Satish Kumar Yadav

Personal information
- Nationality: Indian
- Born: 4 May 1989 (age 37) Bulandshahr, Uttar Pradesh, India
- Height: 1.88 m (6 ft 2 in) (2014)
- Weight: Super heavyweight (+91 kg)
- Allegiance: India
- Branch: Indian Army
- Rank: Subedar Major
- Awards: Arjuna Award

Sport
- Sport: Boxing

Medal record
Men's amateur boxing
Representing India
Asian Games
| Bronze medal – third place | 2014 Incheon | Super heavyweight |
Asian Championships
| Bronze medal – third place | 2015 Bangkok | Super heavyweight |
| Bronze medal – third place | 2019 Bangkok | Super heavyweight |
Commonwealth Games
| Silver medal – second place | 2018 Gold Coast | Super heavyweight |

= Satish Kumar (boxer) =

Indian boxer (born 1989)

Subedar Major Satish Kumar (born 4 May 1989) is an Indian amateur boxer and a junior commissioned officer (JCO) of the Indian Army.
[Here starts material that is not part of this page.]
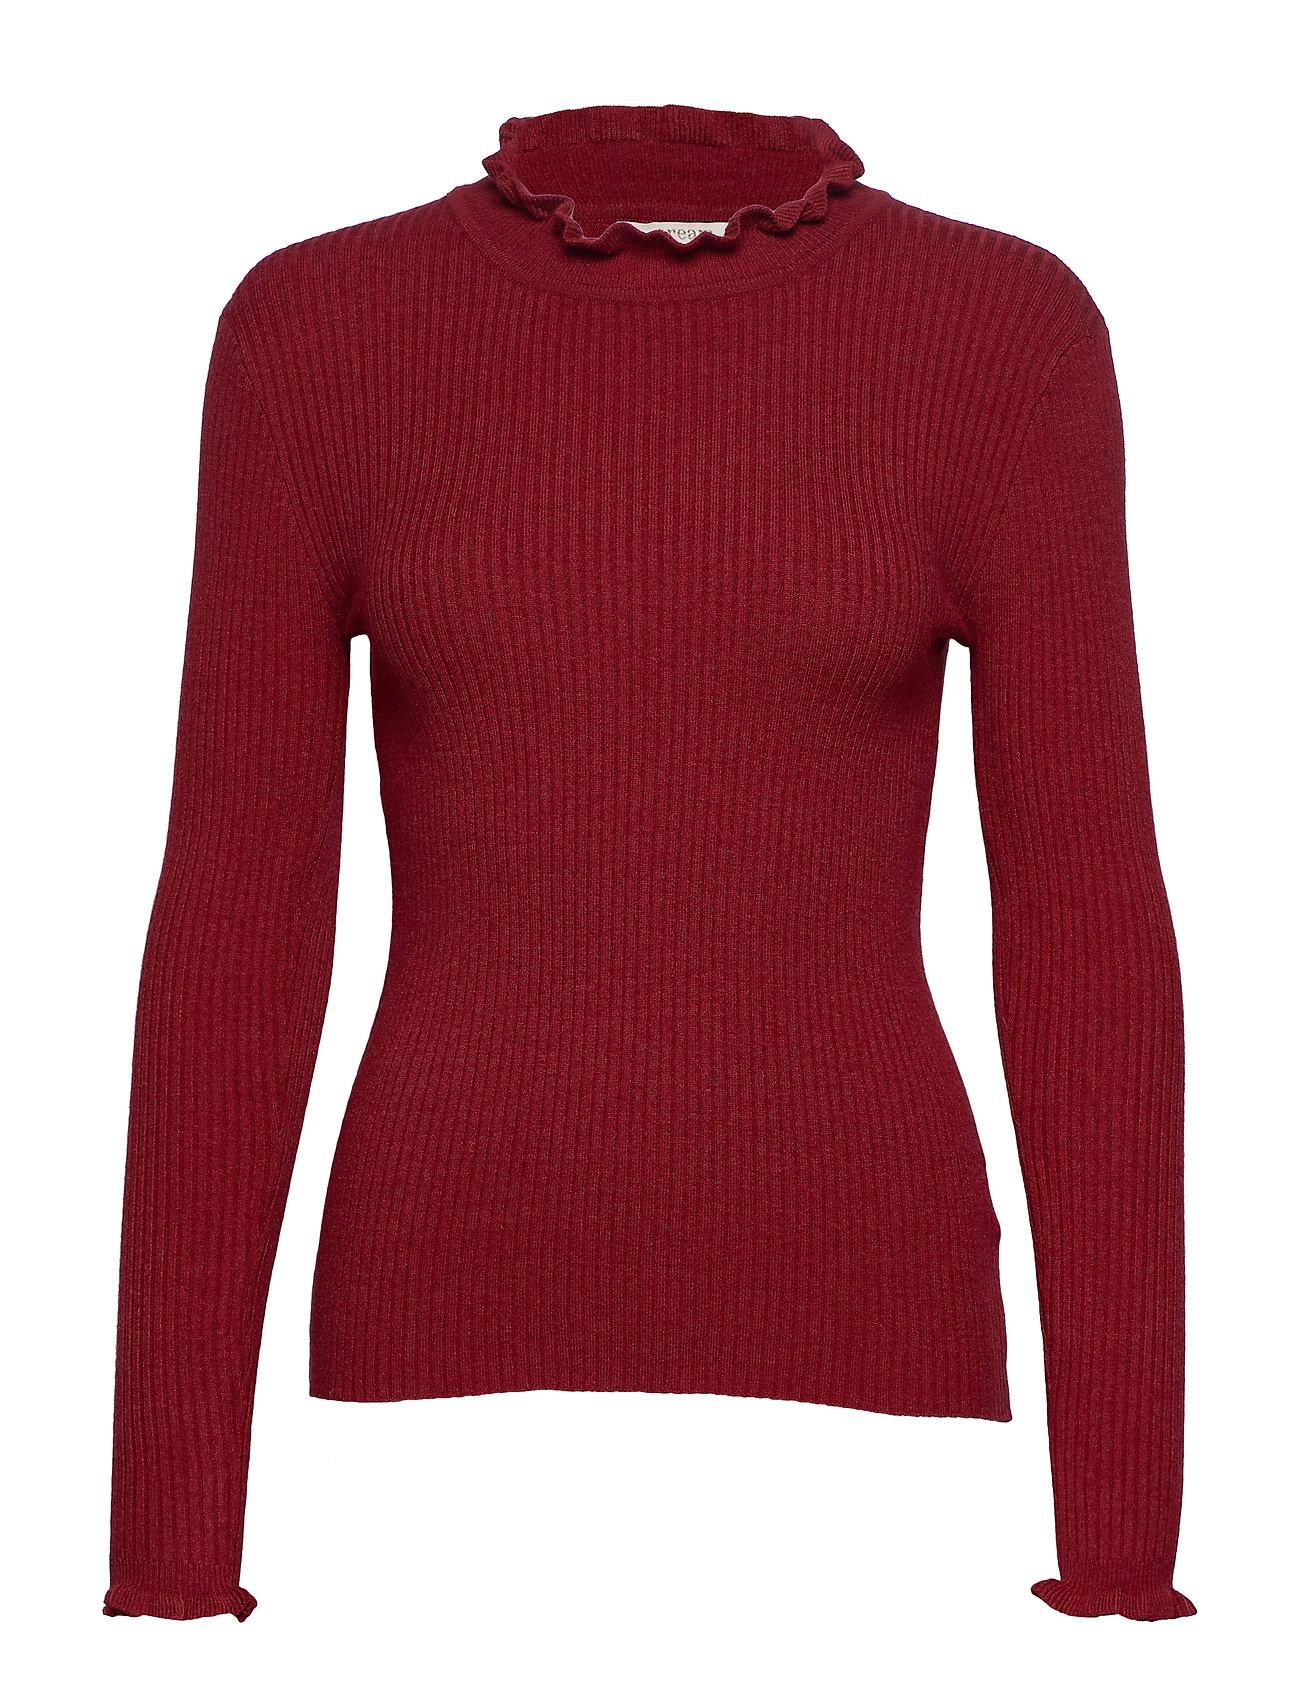 Cream Helena Pullover - MERLOT RED
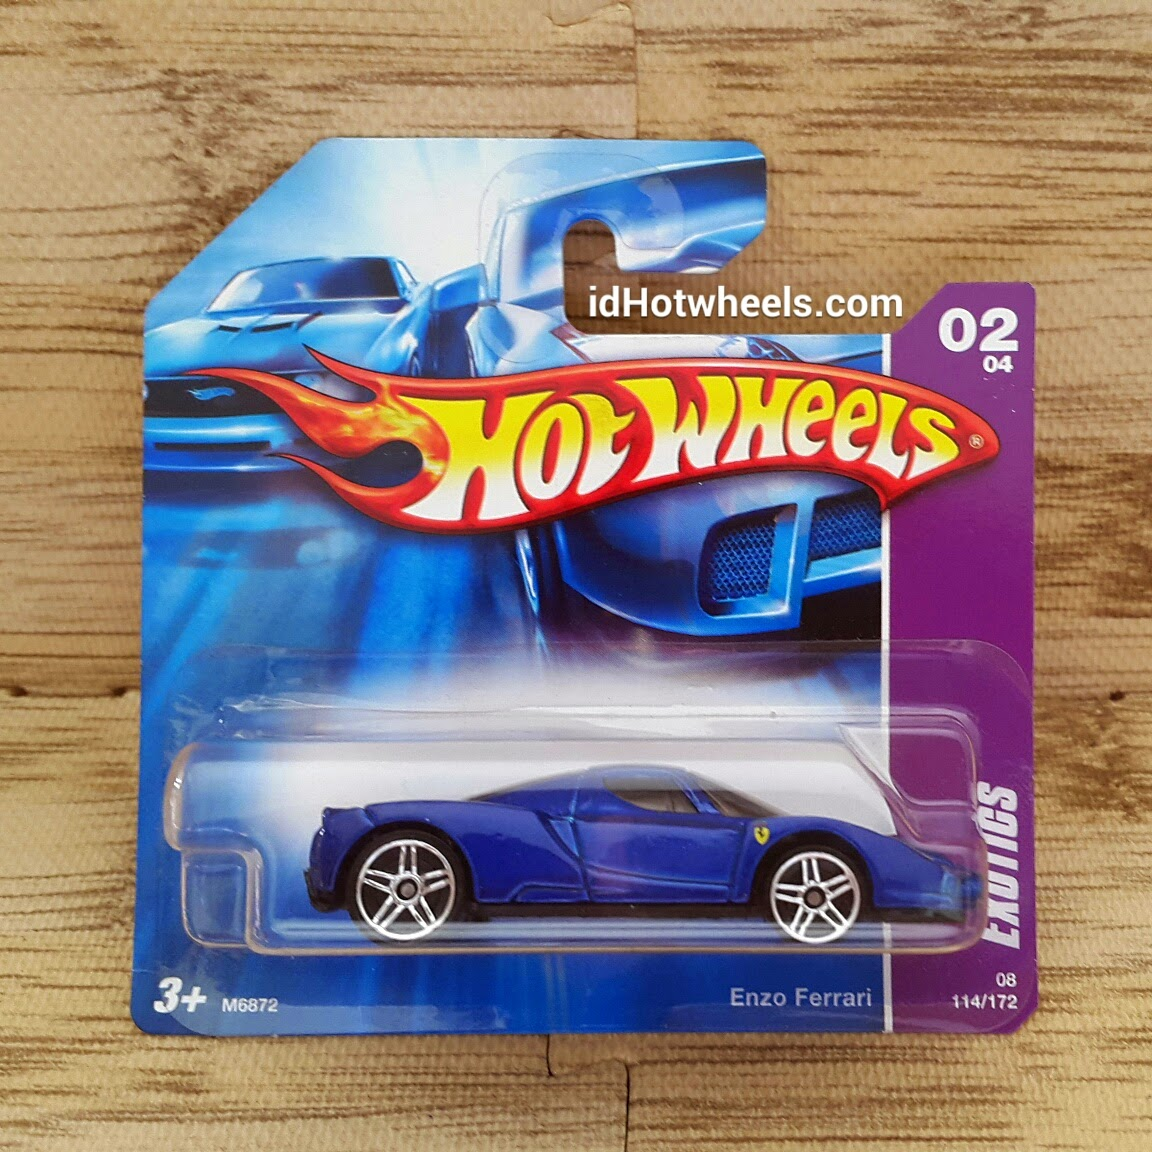 Hot Wheels Ferrari Skala 164 Paket 7 Pcs Dijual Indohotwheels Hotwheels Volkswagen Baja Bug White Tropicool Series 2008 Enzo Blue Exotics 114 172 Short Card

He won the bronze medal at the 2014 Asian Games at Incheon in the super heavyweight category and silver at the 2018 Commonwealth Games. He is the first Indian boxer to qualify for the Olympics in the super heavyweight category.

==Early life==
Born to a farmer in Bulandshahr who had four sons, Satish Kumar wanted to join the army like his elder brother did. He did so in 2008 as a Sepoy and moved to Ranikhet, where he was spotted for his height during a boxing camp and was urged to give the sport a try.

== Awards ==
He was awarded the Arjuna Award by the Government of India in 2018.